Guiding and evaluating molecular modifications of aspirin for preferential COX-2 inhibition using machine learning

Abstract

Aspirin is a classic non-steroidal anti-inflammatory drug (NSAID) that unfortunately carries an inherent risk of gastrointestinal side effects. This is due to its simultaneous action on both COX-1 and COX-2 enzymes, where the former is associated with adverse reactions and the latter with therapeutic effects.

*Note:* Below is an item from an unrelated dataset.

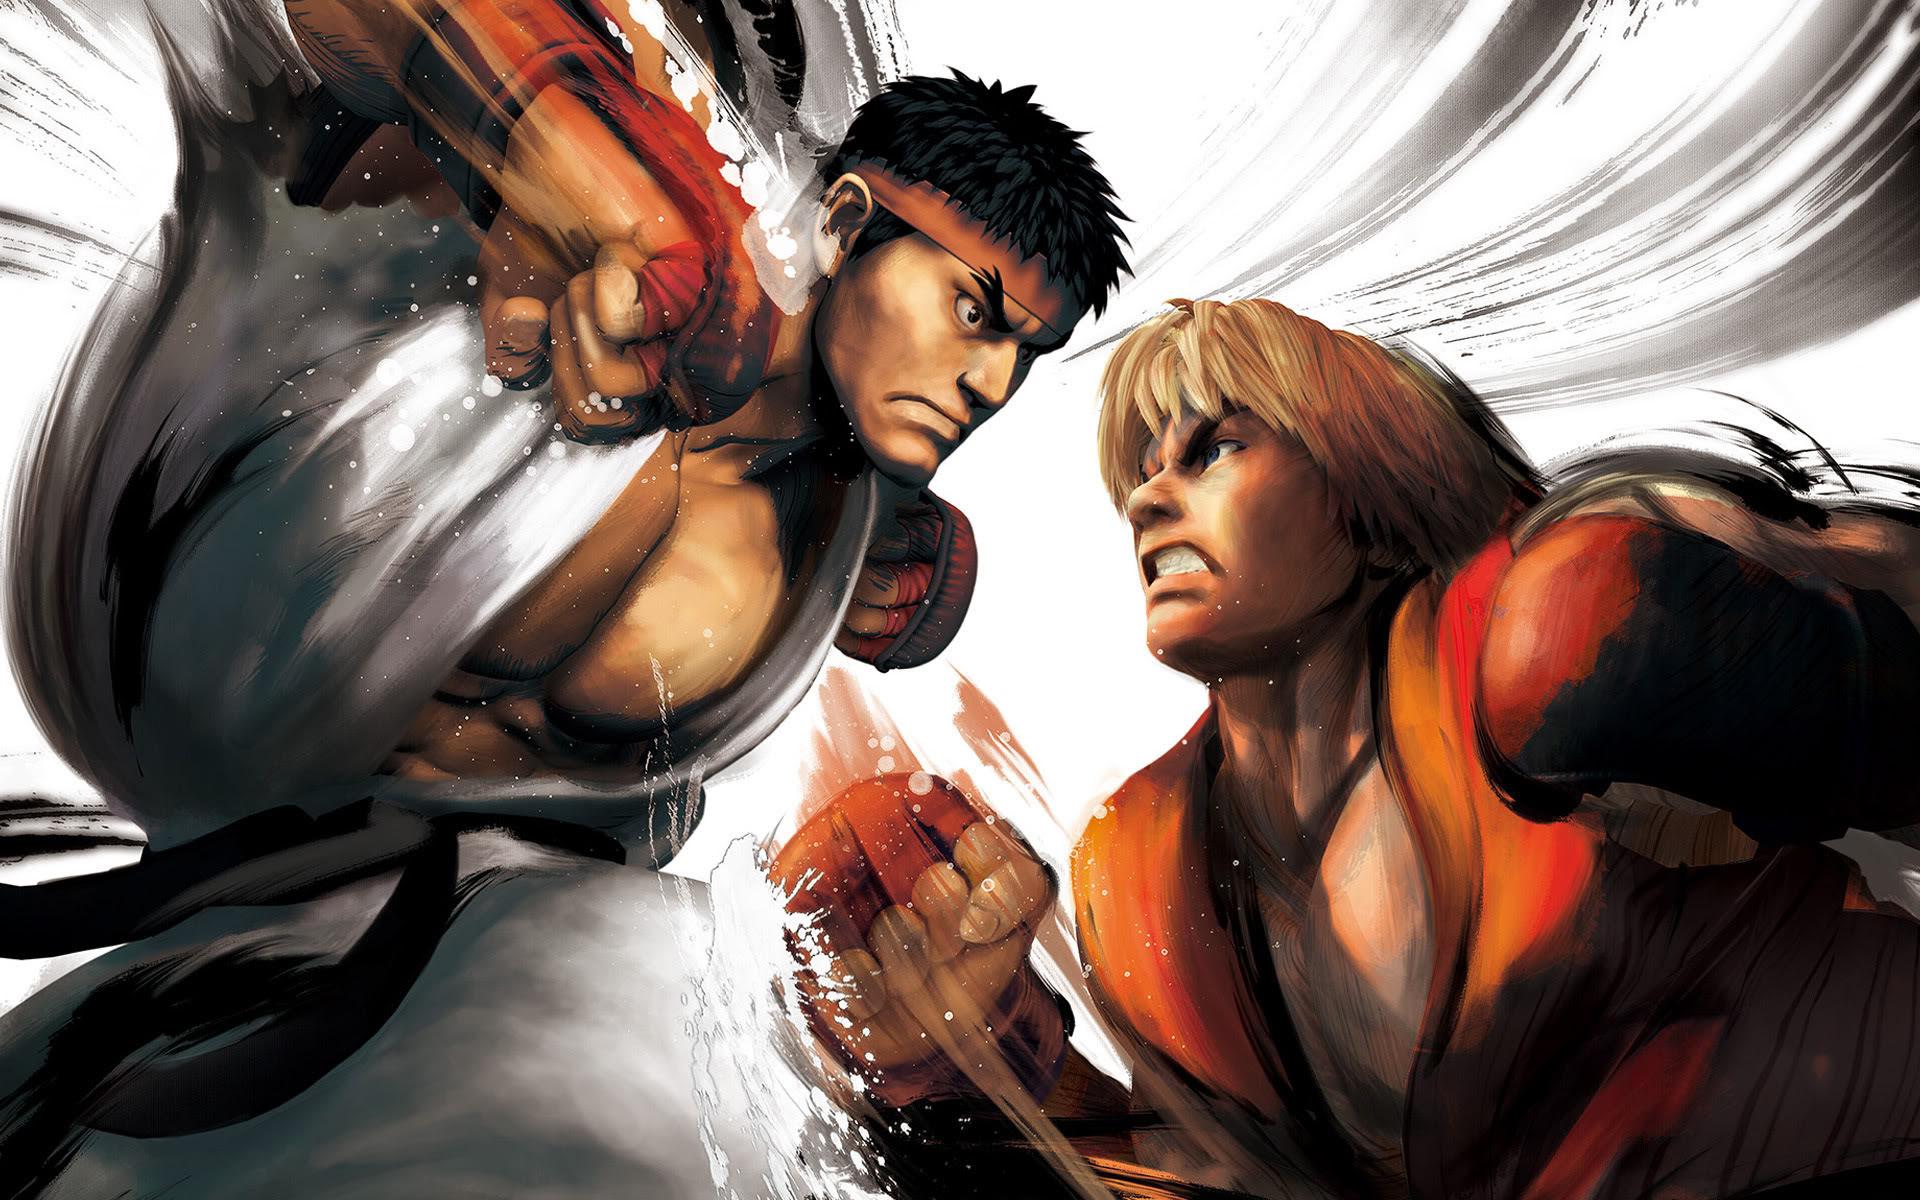 Street Fighter Hd Wallpaper 1920x1200 67916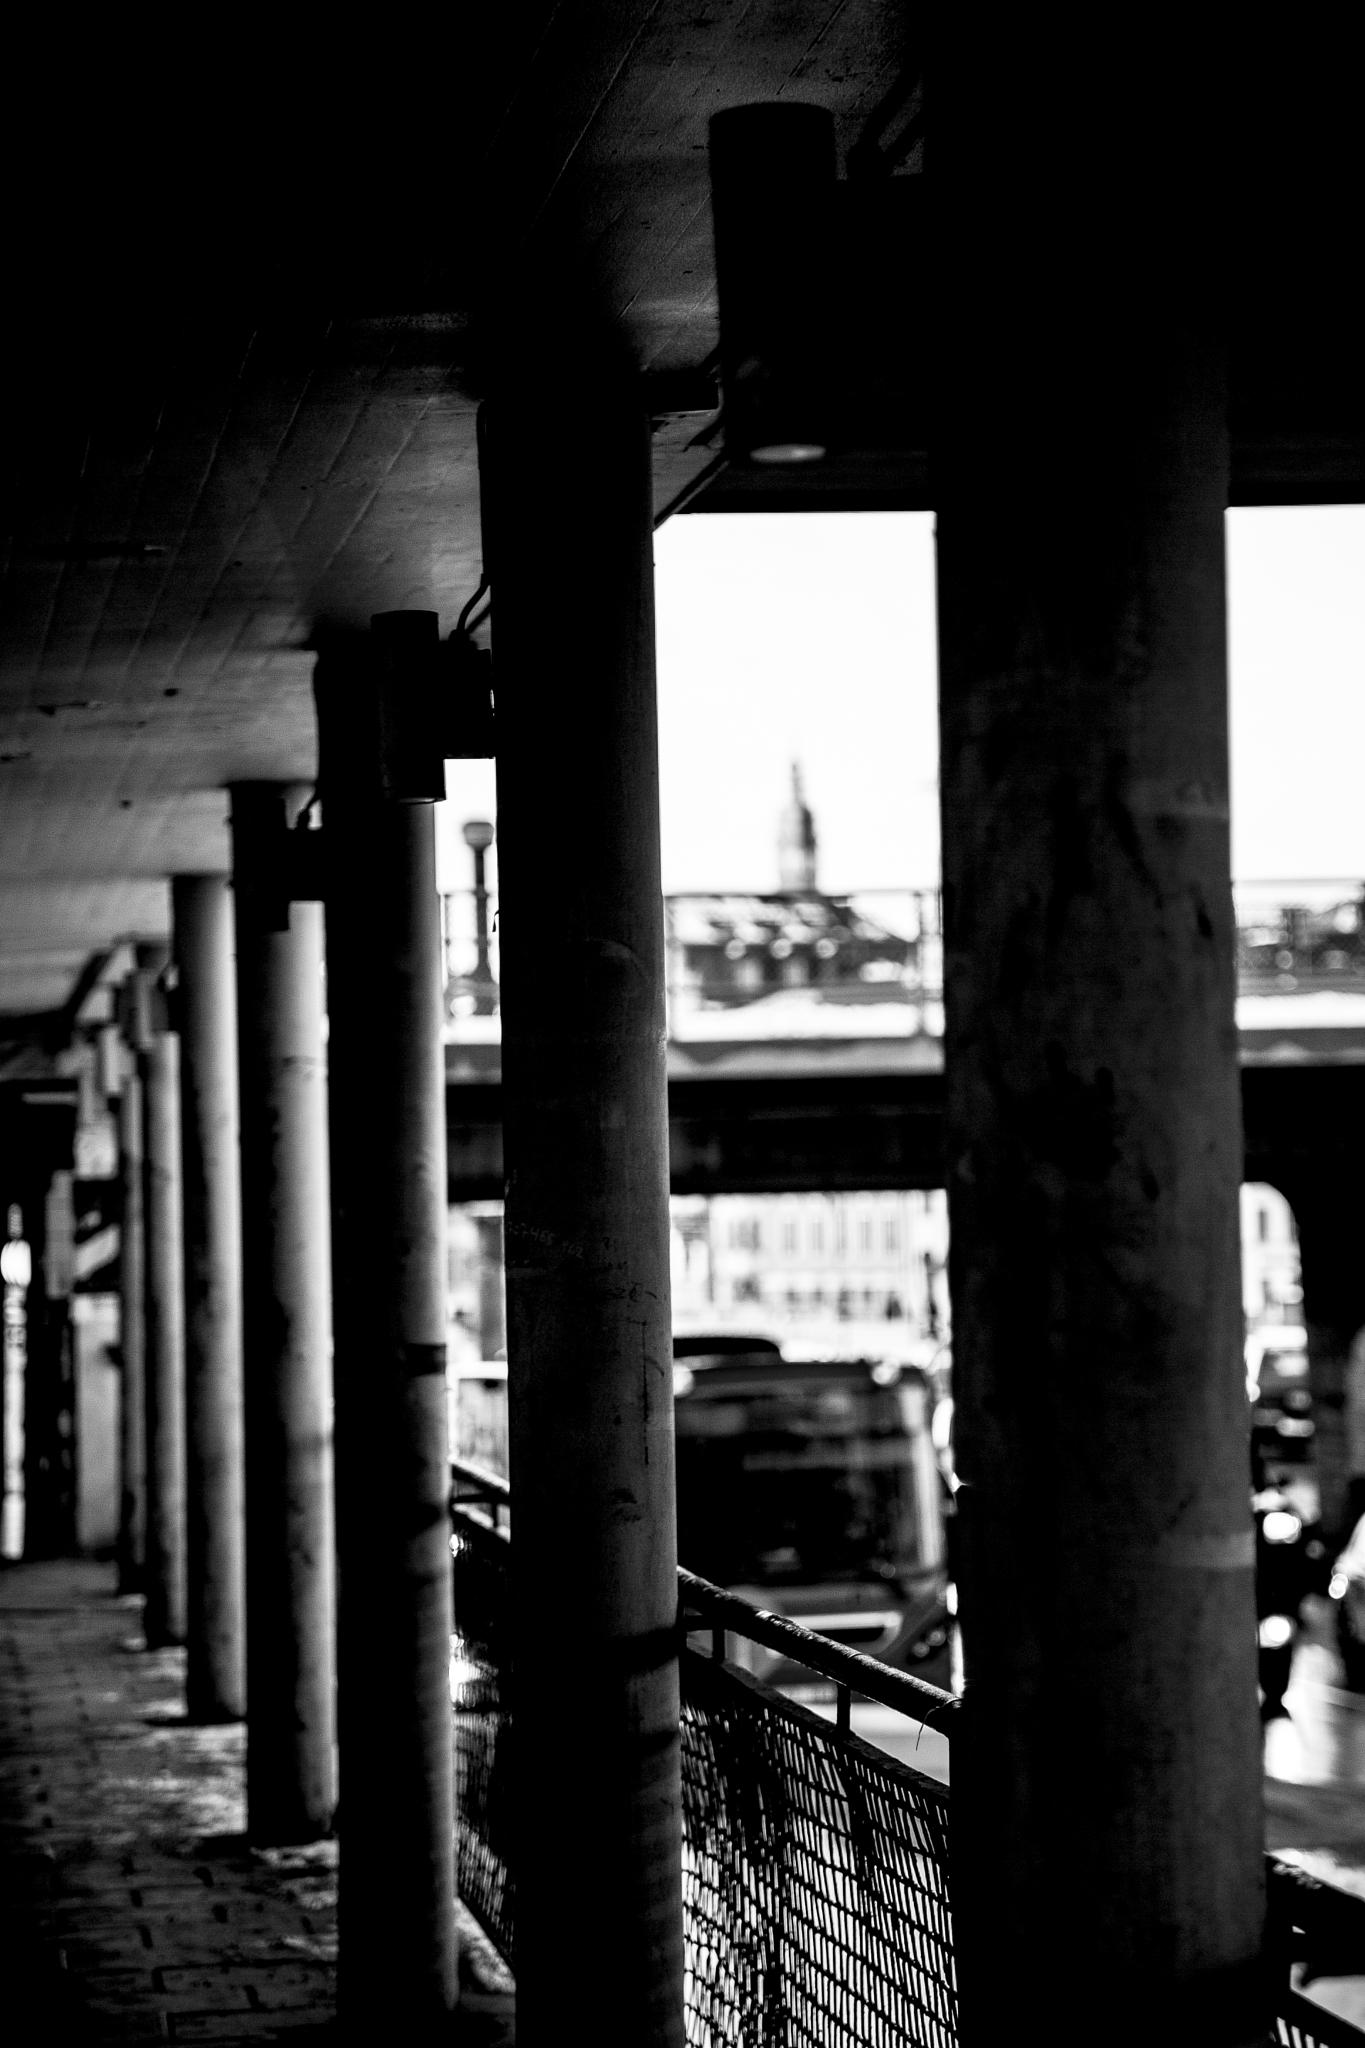 Pillars by gerry.askefalk

This study begins by constructing a compound database that acts on COX-1 and COX-2, followed by an analysis of the ligand-target binding differences from a macroscopic to microscopic perspective, using 12 types of ADME properties and the X-ray diffraction structures of aspirin-COX-1/2 complexes. Subsequently, we replaced the features with descriptors that describe the molecular topological structure to build predictive models for COX-1/2. Based on the binding differences, we used Chemdraw for real-time molecular modification of aspirin. Our findings suggest that increasing the molecular weight, topological polar surface area (TPSA), and partition coefficient (LogP) of the compound, while also making it more elongated, can enhance the preferential inhibition of COX-2 by aspirin. Therefore, we have modified the original aspirin by introducing carbon chains and hydroxyl groups. We designed 10 structurally modified versions of aspirin and used machine learning and molecular docking to verify their effects on the activity changes of two COX enzymes. The predictive results indicate that the modified aspirin has a stronger inhibitory effect on COX-2 and a weaker effect on COX-1. This provides a reference for the development of COX-2 selective inhibitors based on aspirin and also offers an innovative approach for computer-aided design to eliminate adverse drug reactions.